═════ Exercise data ═════

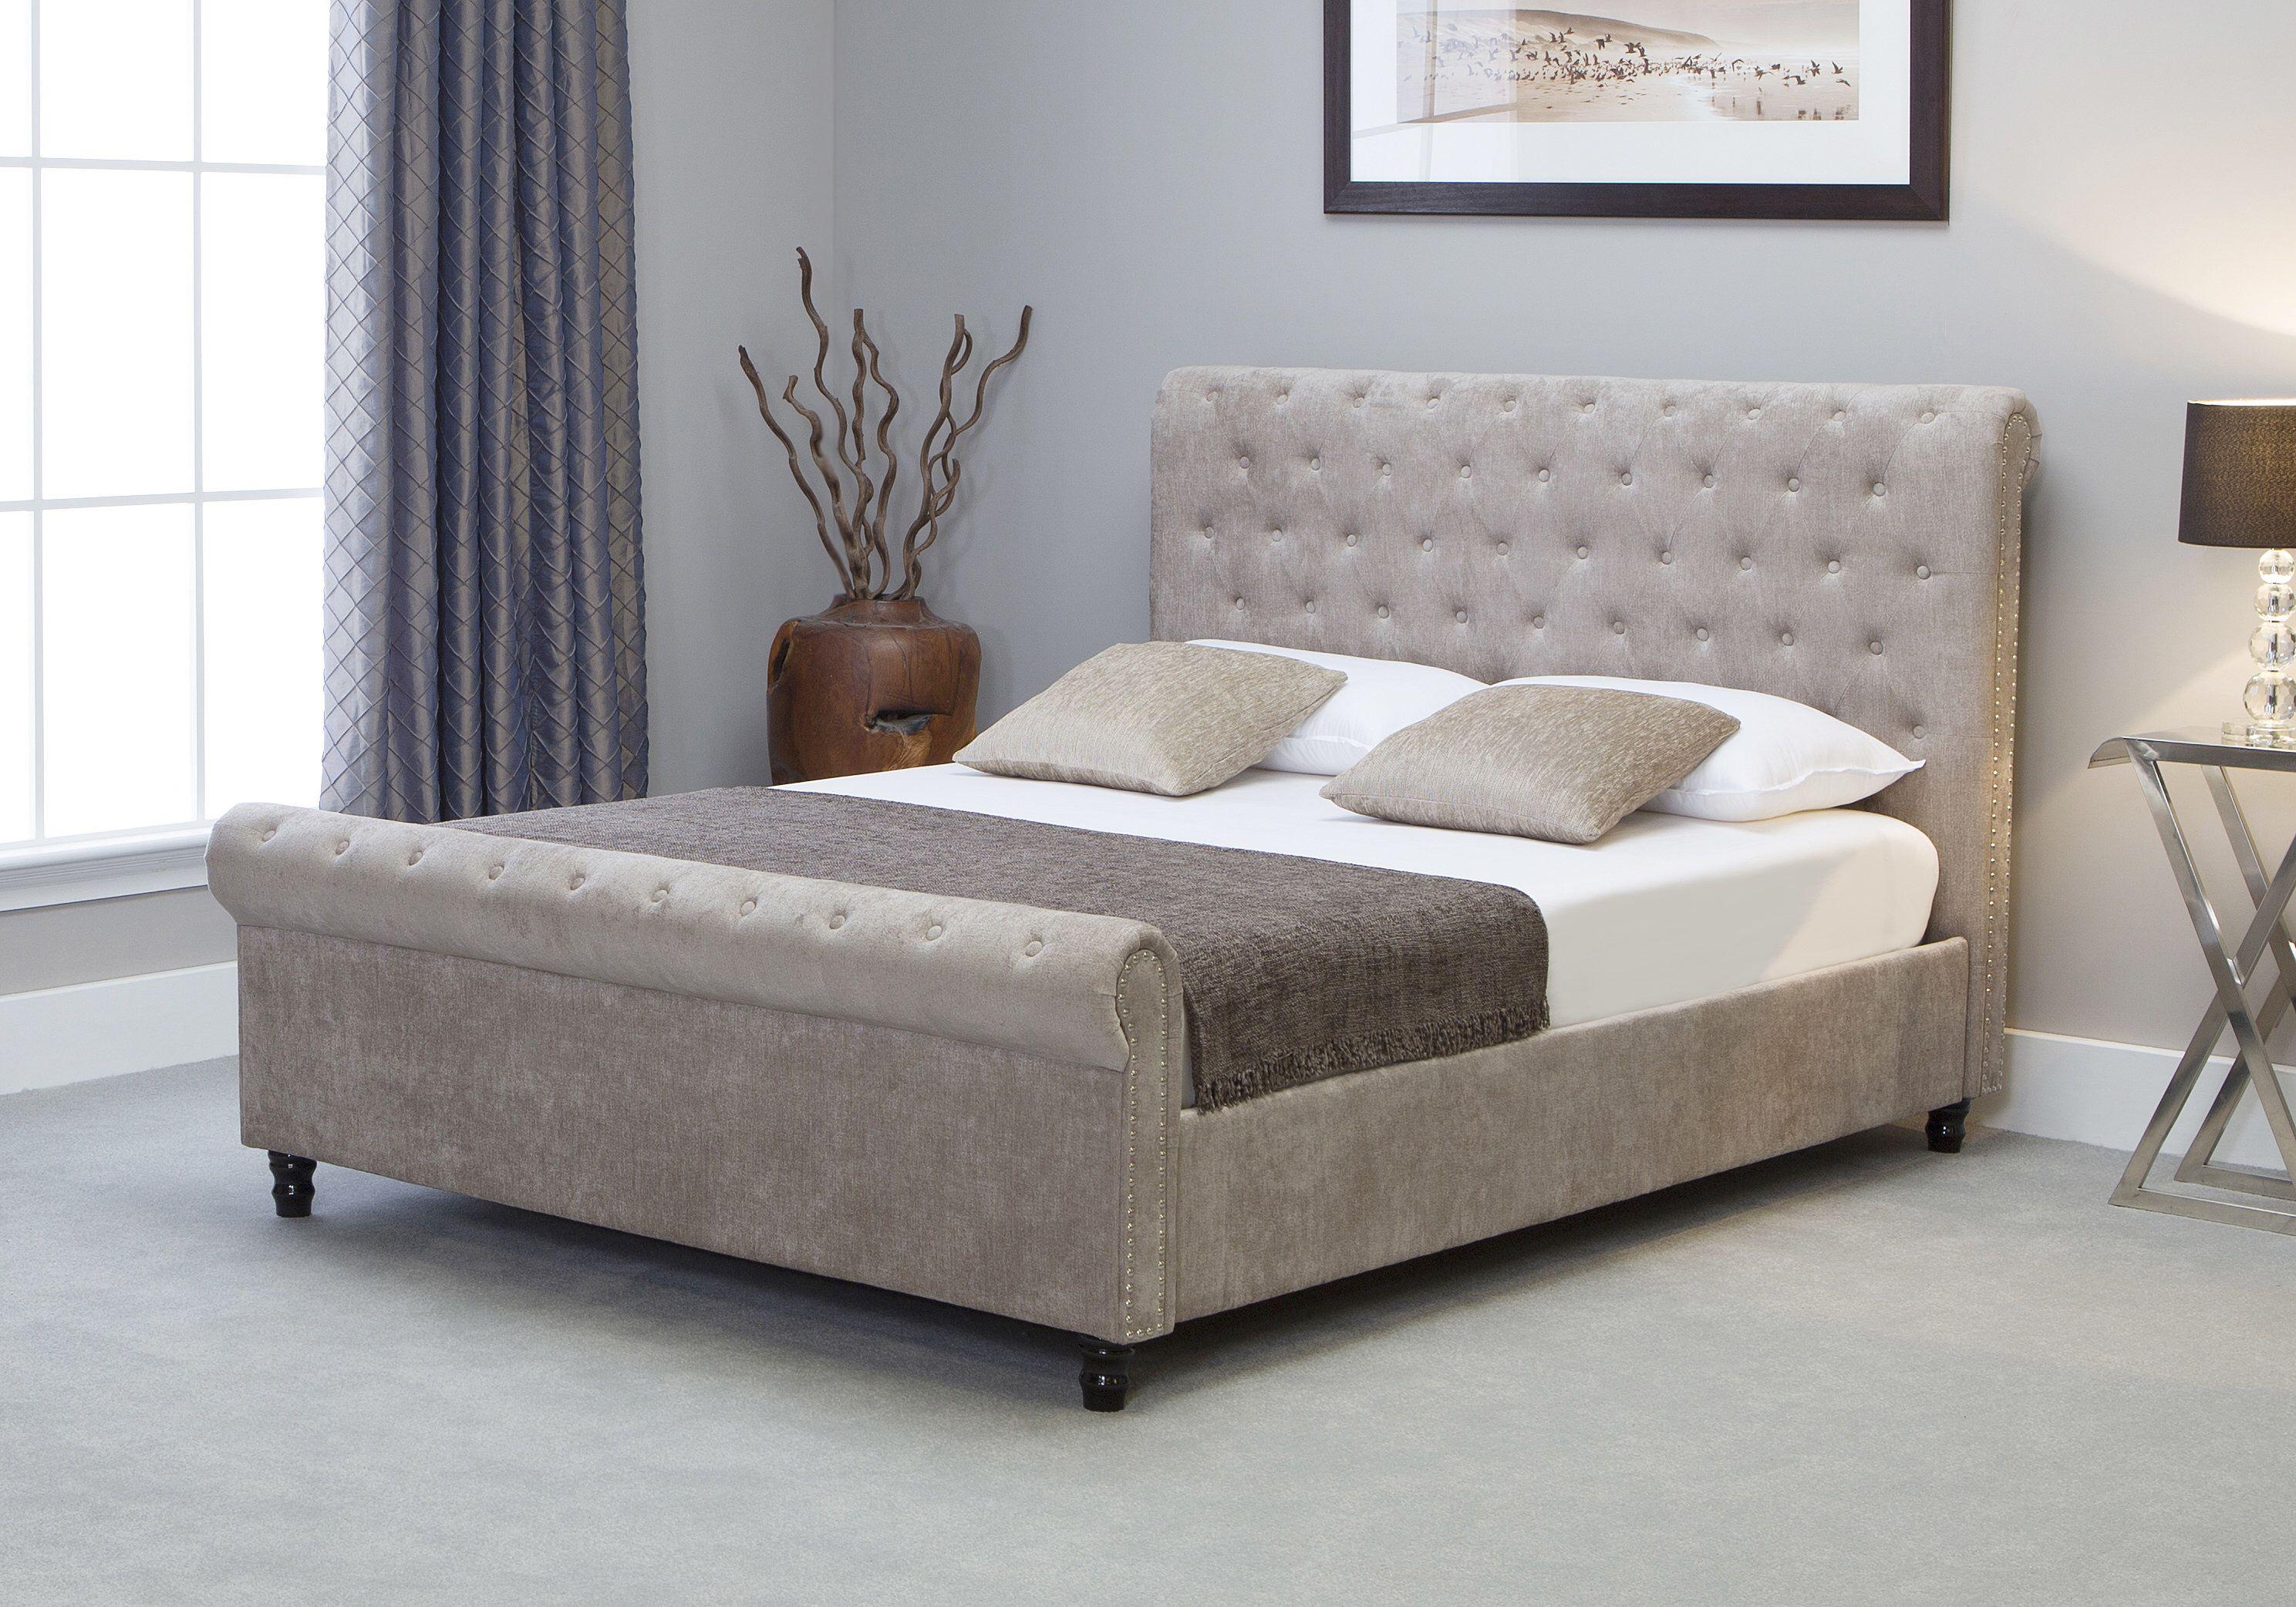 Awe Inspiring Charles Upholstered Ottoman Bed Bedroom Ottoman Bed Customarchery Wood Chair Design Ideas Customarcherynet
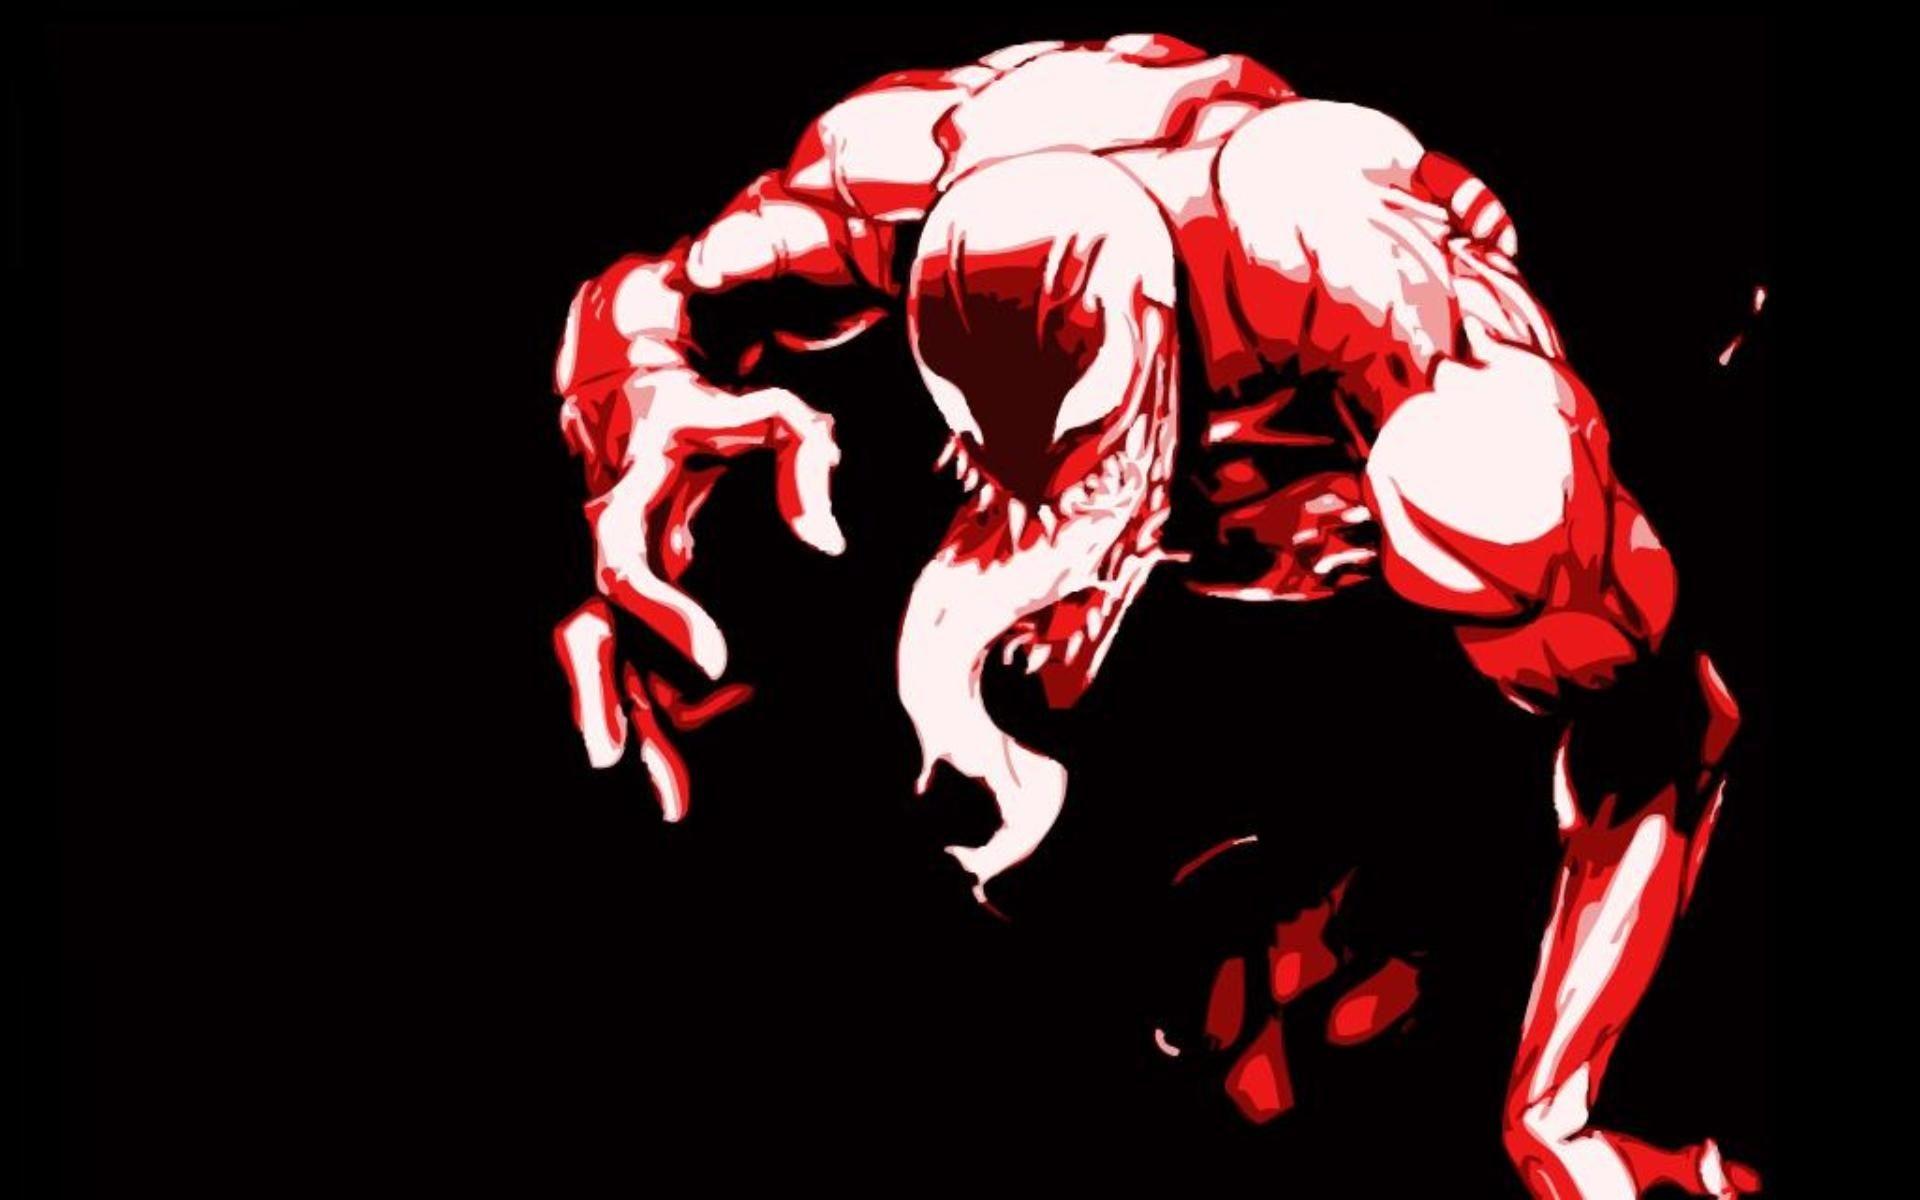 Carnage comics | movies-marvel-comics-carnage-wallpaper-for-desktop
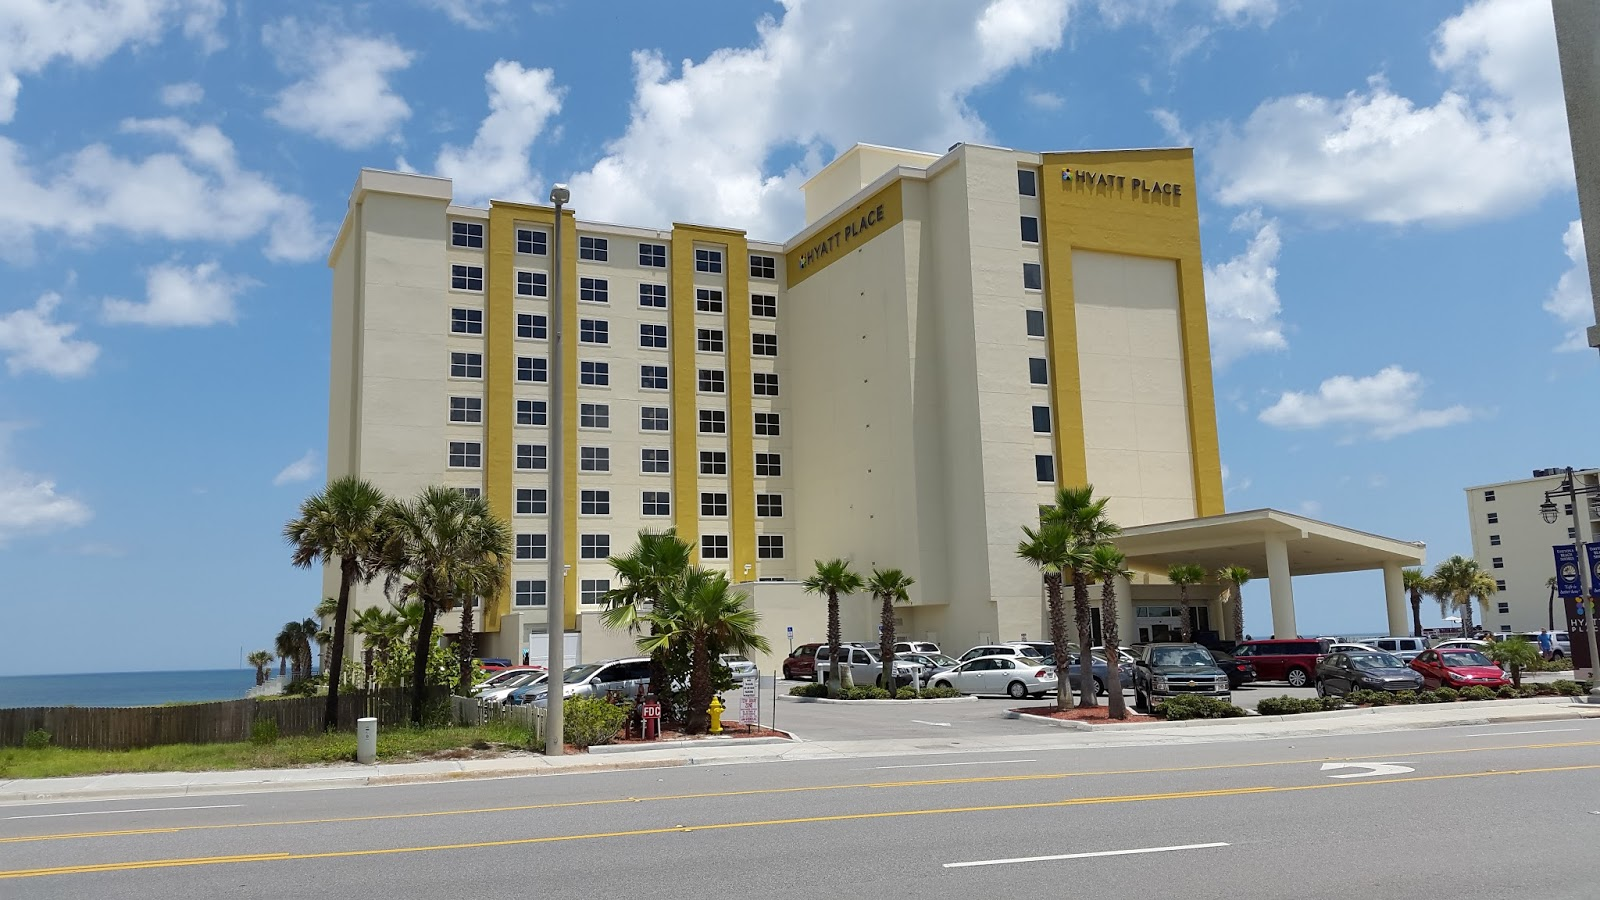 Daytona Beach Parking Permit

═════

→ What the task asks
Except for the pictures, please retype the listing above exactly.

→ Response
 Awe Inspiring Charles Upholstered Ottoman Bed Bedroom Ottoman Bed Customarchery Wood Chair Design Ideas Customarcherynet
 Carnage comics | movies-marvel-comics-carnage-wallpaper-for-desktop
 Daytona Beach Parking Permit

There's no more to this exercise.